=== Exercise requirements ===
Transcribe all records below exactly, without images.

=== Record extracts ===
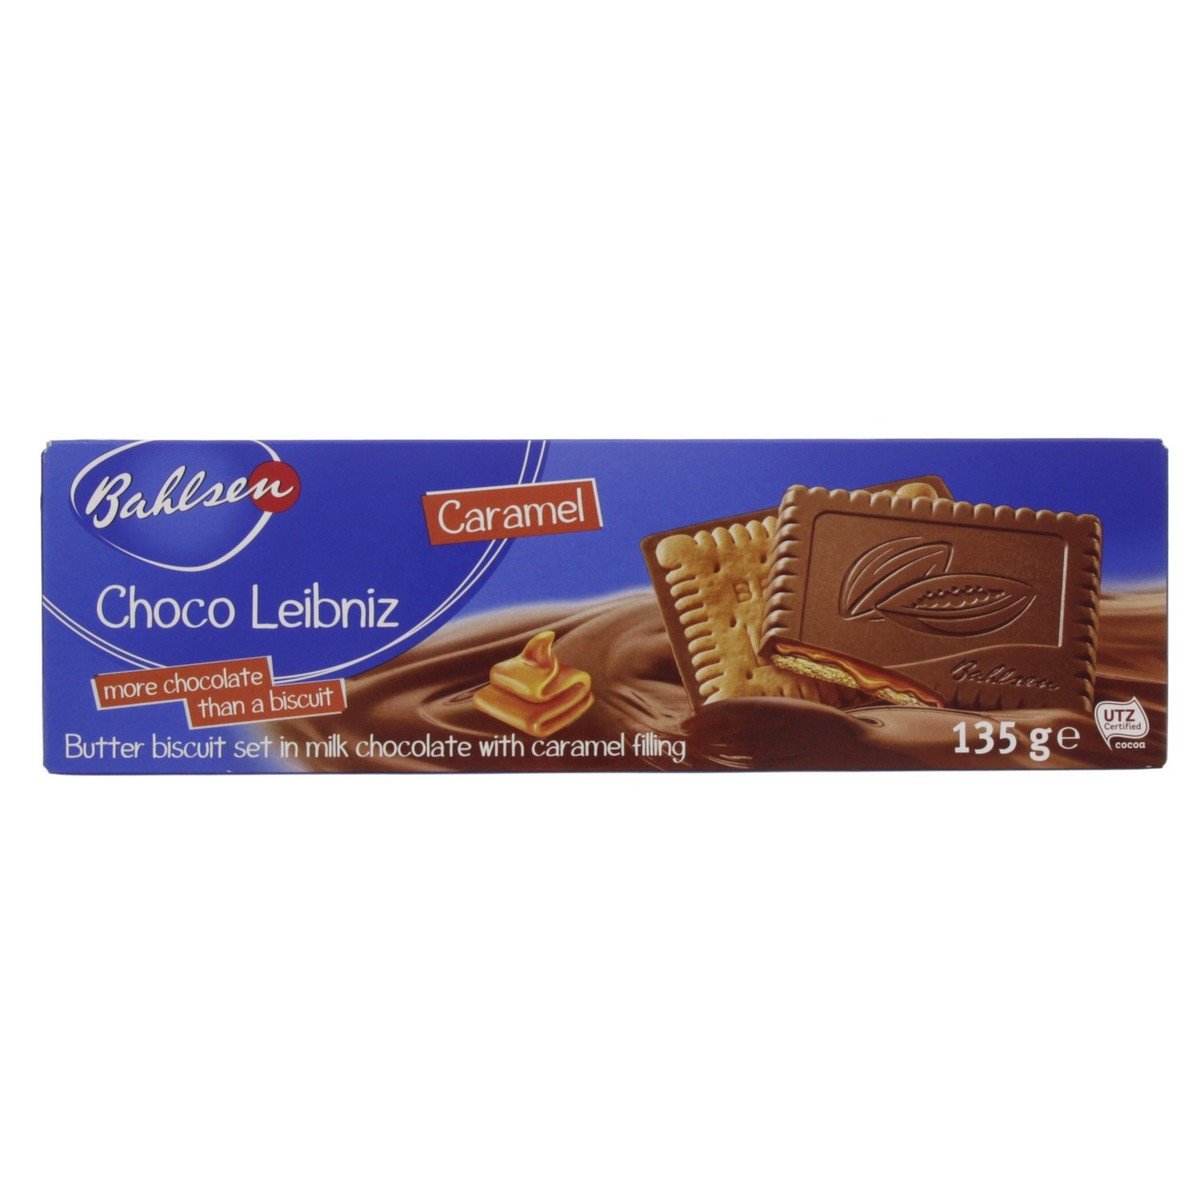 Bahlsen Choco Leibniz Caramel 135 g
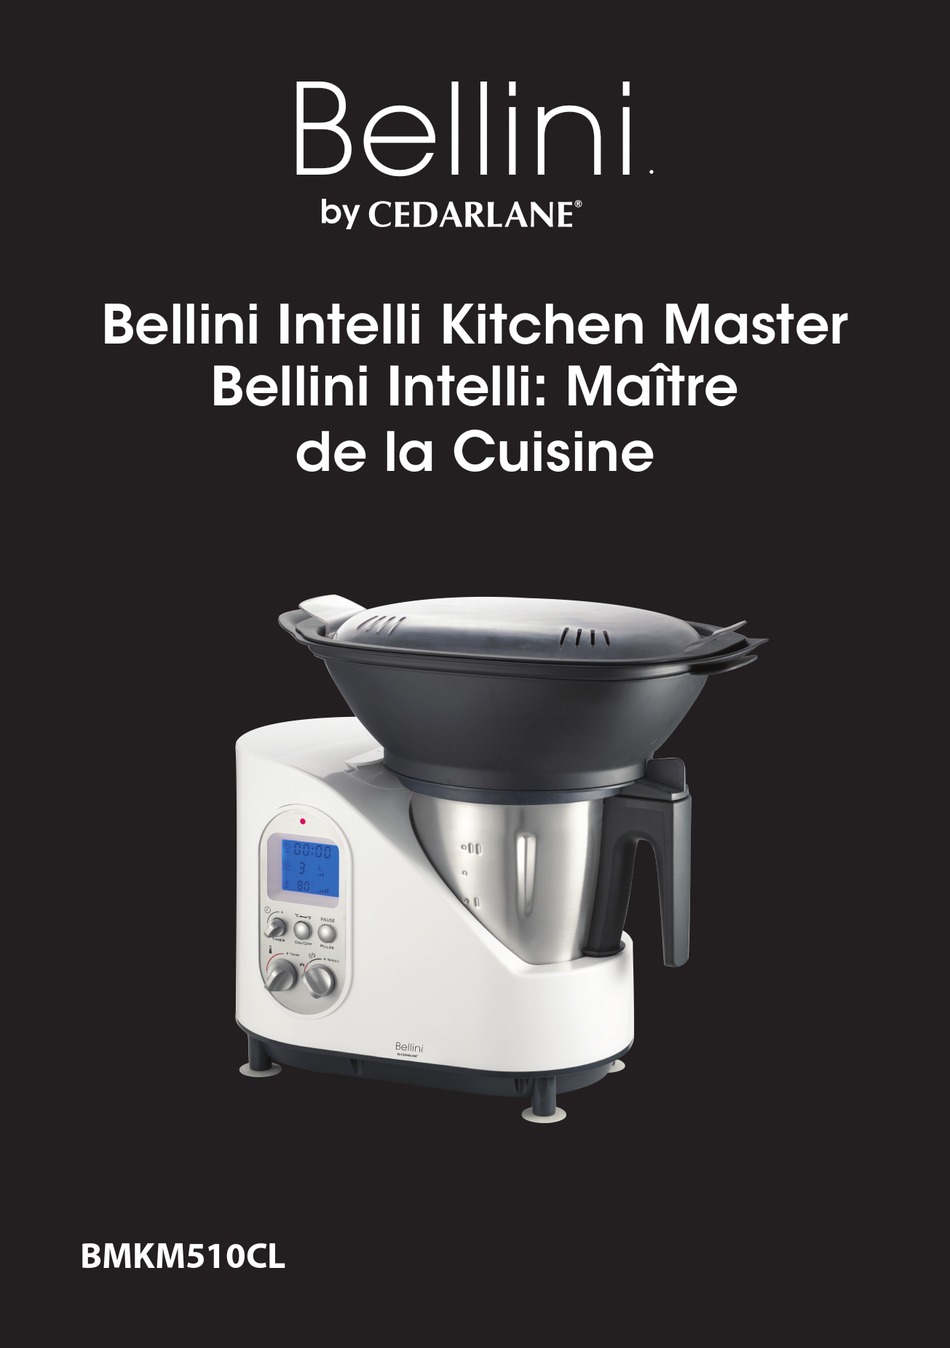 Cedarlane Bellini Intelli Kitchen Master 
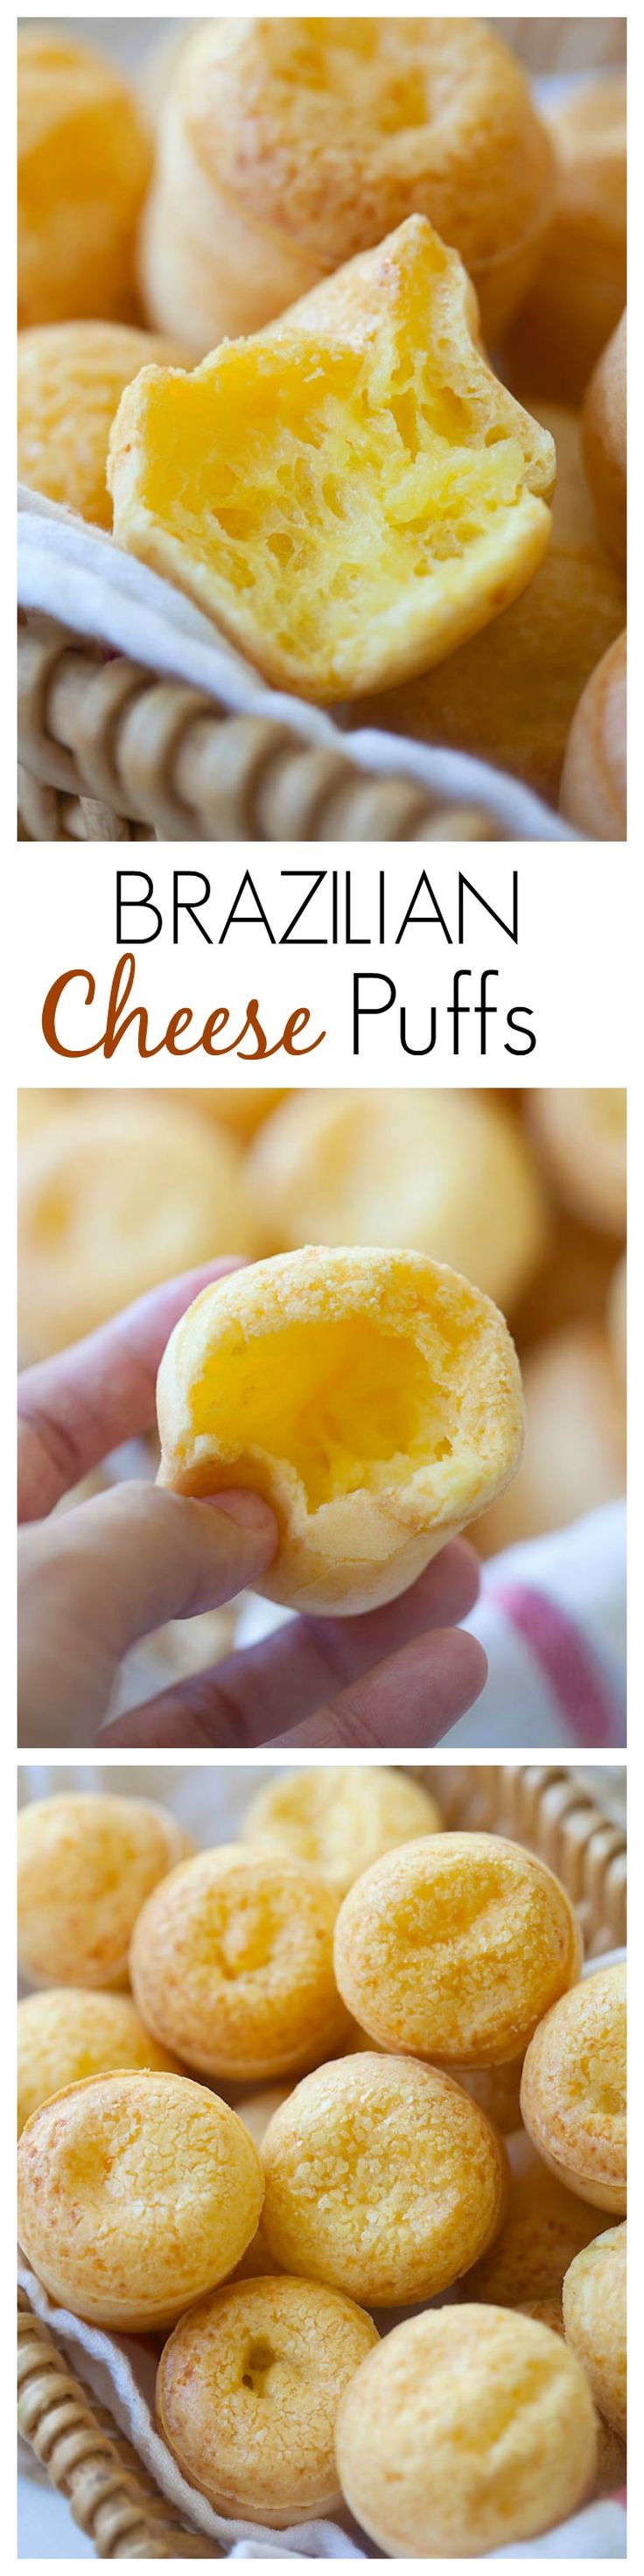 brazilian-cheese-puffs.jpg
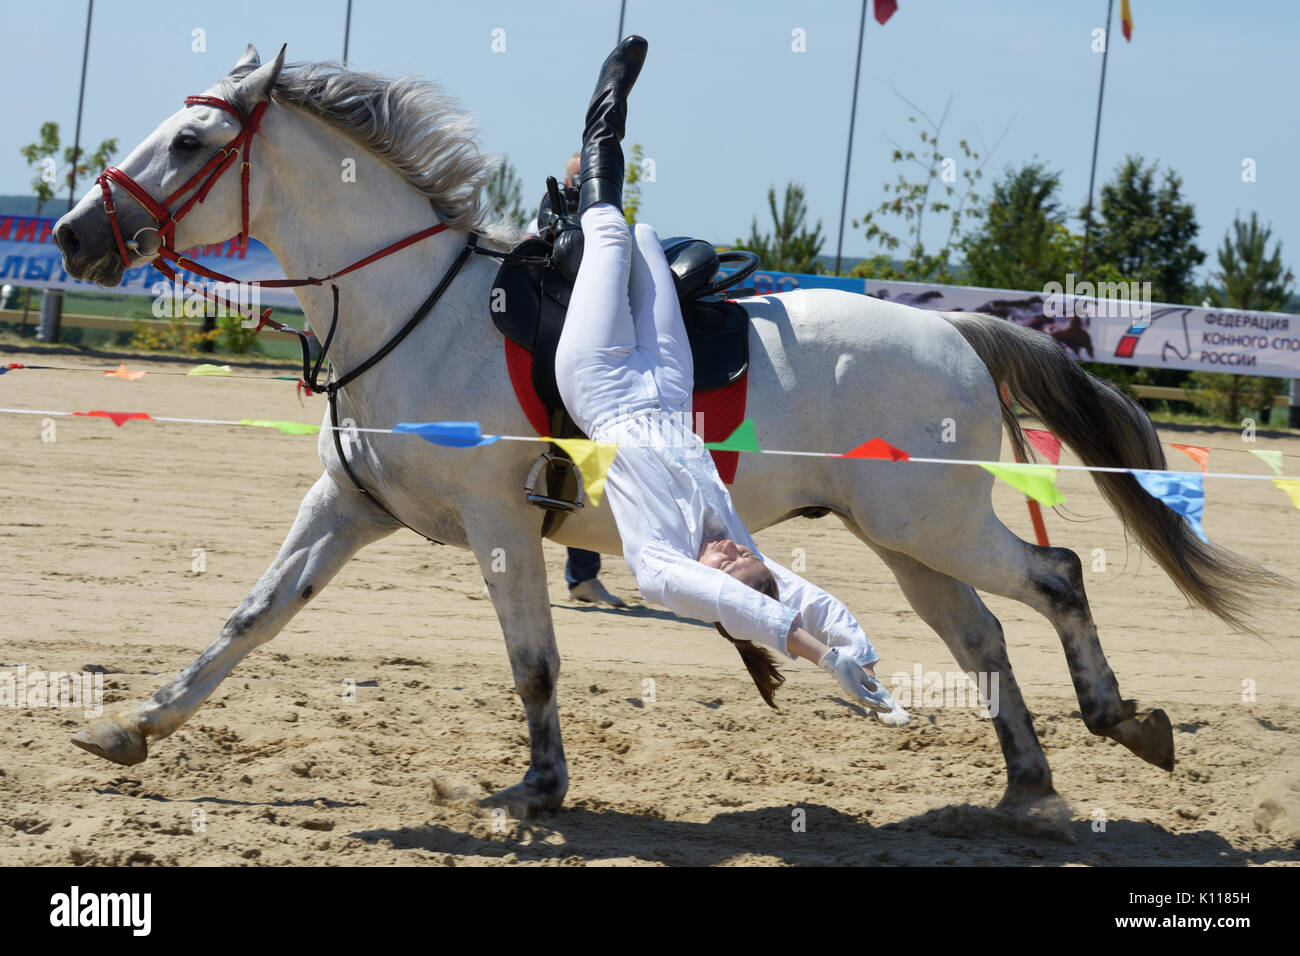 Lytkarino, Moscow region, Russia - July 12, 2014: Anna Rimashevskaya performs stunt during Russian championship in trick riding. Lytkarino housed the  Stock Photo
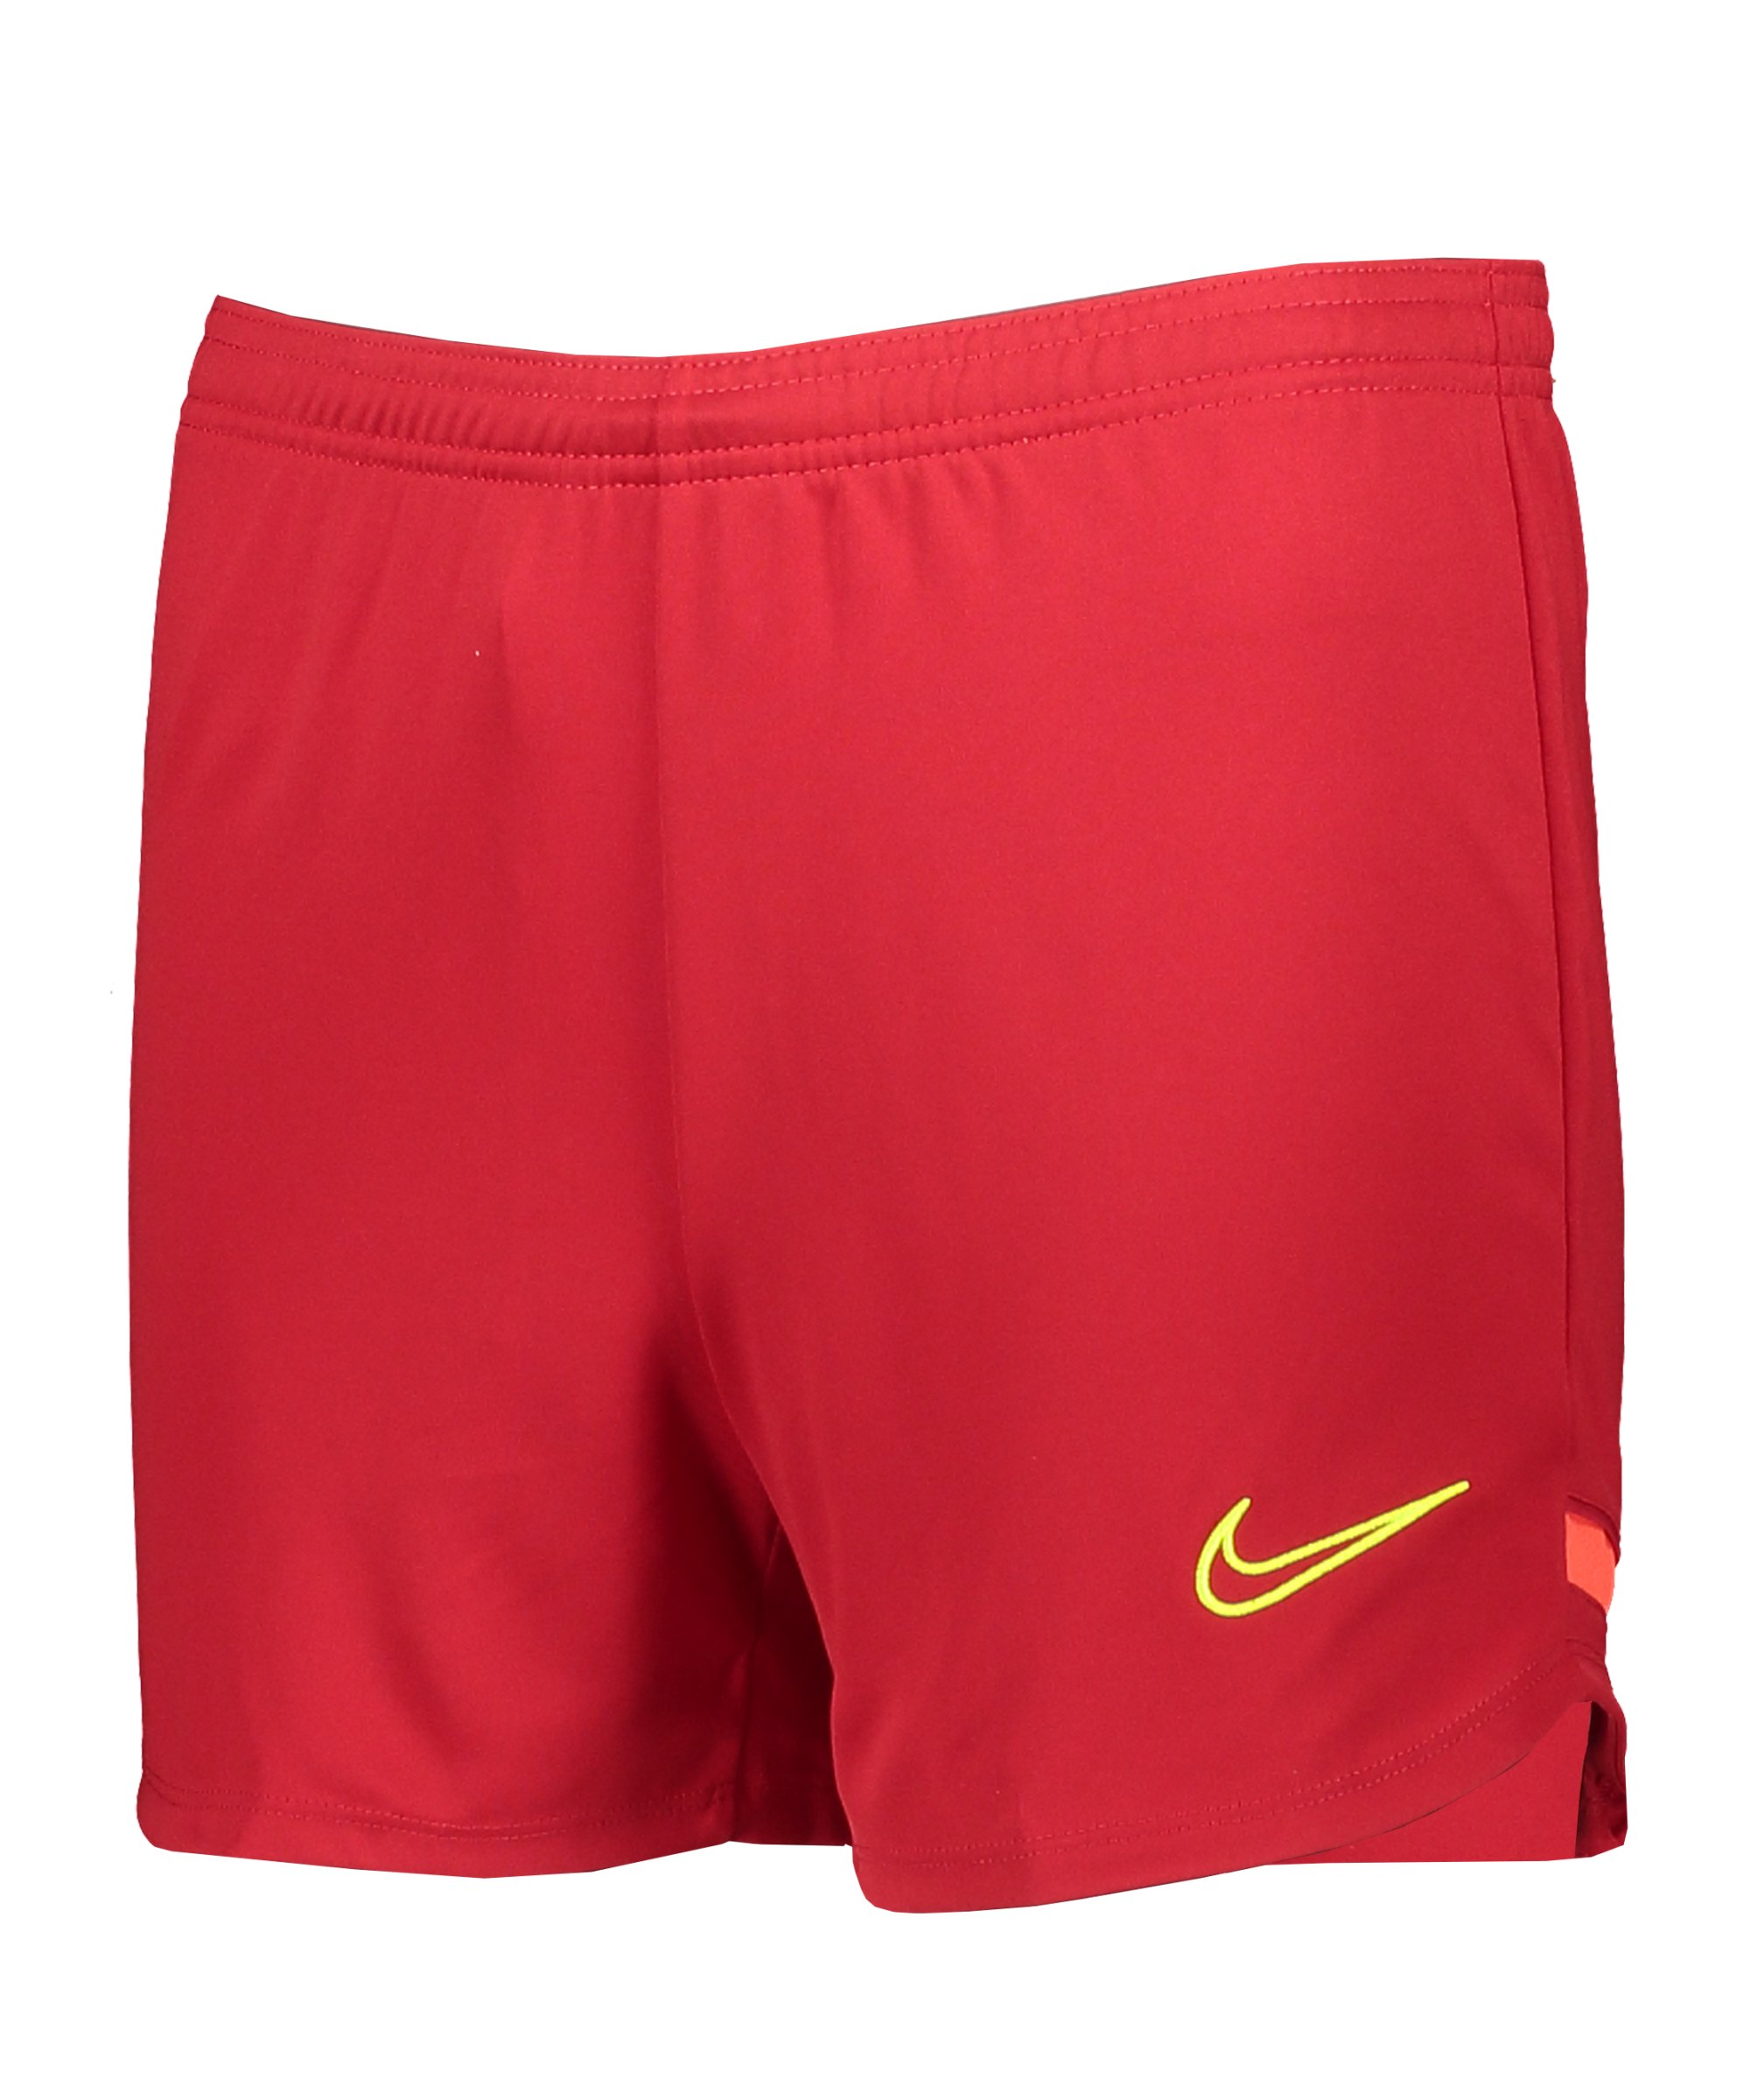 Nike Academy 21 Short Damen Rot F687 - rot

=== Written response ===
 Bahlsen Choco Leibniz Caramel 135 g
 Cedarlane Bellini Intelli Kitchen Master 
 brazilian-cheese-puffs.jpg
 Lytkarino, Moscow region, Russia - July 12, 2014: Anna Rimashevskaya performs stunt during Russian championship in trick riding. Lytkarino housed the  Stock Photo
 Nike Academy 21 Short Damen Rot F687 - rot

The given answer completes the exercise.